The other bit I missed that happened in October was that the US provided Special Drawings Rights (SDRs) to Argentina so that it could make an interest payment to the IMF (if you don’t know what SDRs are, check out the primer). (Somewhat confusingly, a CRS report said that the US provided “dollar liquidity support to Argentina through transactions in international reserve assets held at the IMF,” but in fact the transaction was a sale of SDRs from the US perspective in exchange for dollars.)
From the October 2025 ESF Financial Statement (my emphasis):
The Special Drawing Rights Act of 1968 authorizes the United States to purchase, sell, and hold Special Drawing Rights (SDRs) through the Exchange Stabilization Fund "ESF". In October 2025, Treasury, through the ESF, sold SDR 641 million to Argentina in exchange for $872 million. The proceeds from the sale were invested in Nonmarketable U.S. Treasury Securities. As of October 31, 2025, U.S. SDR Holdings were SDR 127 billion. Changes in both SDR Holdings and SDR Allocations reflect changes in the foreign exchange rate.

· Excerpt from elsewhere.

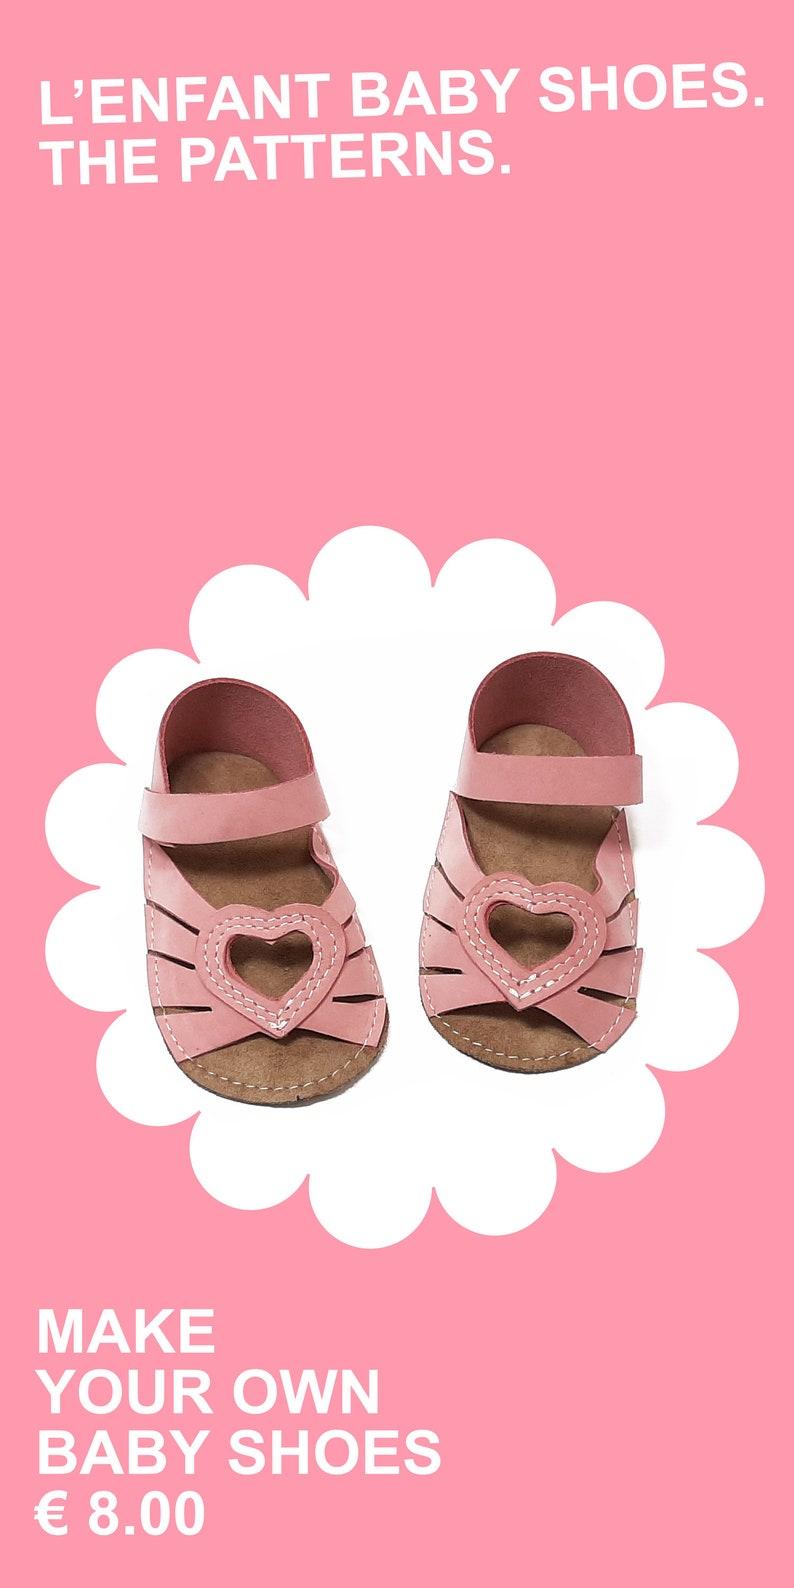 diy baby wedding shoes Cutest baby shoe patterns leather baby shoes sewing pattern baby shoe template

So, my read is that (1) in October the BCRA draws ($2.5 billion) dollars from the ESF swap; and then (2) swaps back $872 million of that for SDRs to make its IMF payments; and finally (3) unwinds the swap transaction in December.
I don’t know, I can’t keep up with Argentina, but it looks like this has settled for now (?). Will we get more details on the ESF swap? Why didn’t the BCRA use it for the $3 billion it got from the repo market? What’s the rate on this thing?
Tokyo Drift?
If you were unfortunate enough to be on X (the artist formerly known as Twitter) or, even worse, LinkedIn, late last month, you’d know that folks online were talking about the New York Fed performing “rate checks” on USDJPY. (I even saw one crypto person claim, incredibly, that the Fed might “crash the dollar by 50%.”) Rate checks are basically when a central bank asks to get quotes on an exchange rate from commercial banks, sometimes allowing or instructing them to let the market know they might be mulling an intervention (i.e., to some degree jawboning the exchange rate). Now that we have the minutes from the January FOMC meeting, we do have the disclosure of this happening (my emphasis):
In the days leading up to the meeting, the dollar had depreciated markedly after reports that the Desk had made requests for indicative quotes, known as "rate checks," on the dollar–yen exchange rate. The manager noted that the Desk had requested those quotes solely on behalf of the U.S. Treasury in the Federal Reserve Bank of New York's role as the fiscal agent for the U.S.
And then, Scott Bessent said the US would “absolutely not” intervene in the yen and reiterated the time-tested strong dollar policy. Oh well, so much for the drama. Hopefully nobody reading this got caught going the wrong direction in a USDJYP trade (sorry if you did, it seemed reasonable). So, what is Treasury’s dollar policy?
Nothing much happens
Things in the rest of the world seemed quiet, according to the Report. We’ll all be glad to hear that offshore dollar funding markets are in rude health. Carry traders are at it again in EMs. One other interesting thing happened recently, though, outside of the Report at hand: there was some FIMA Repo activity: balances were up in the first week of February to $3 billion. Here’s a chart:
I am unaware of any public reporting on this or any chatter, so my guess would be that this recent draw was pretty routine—if so, good to know the pipes still work.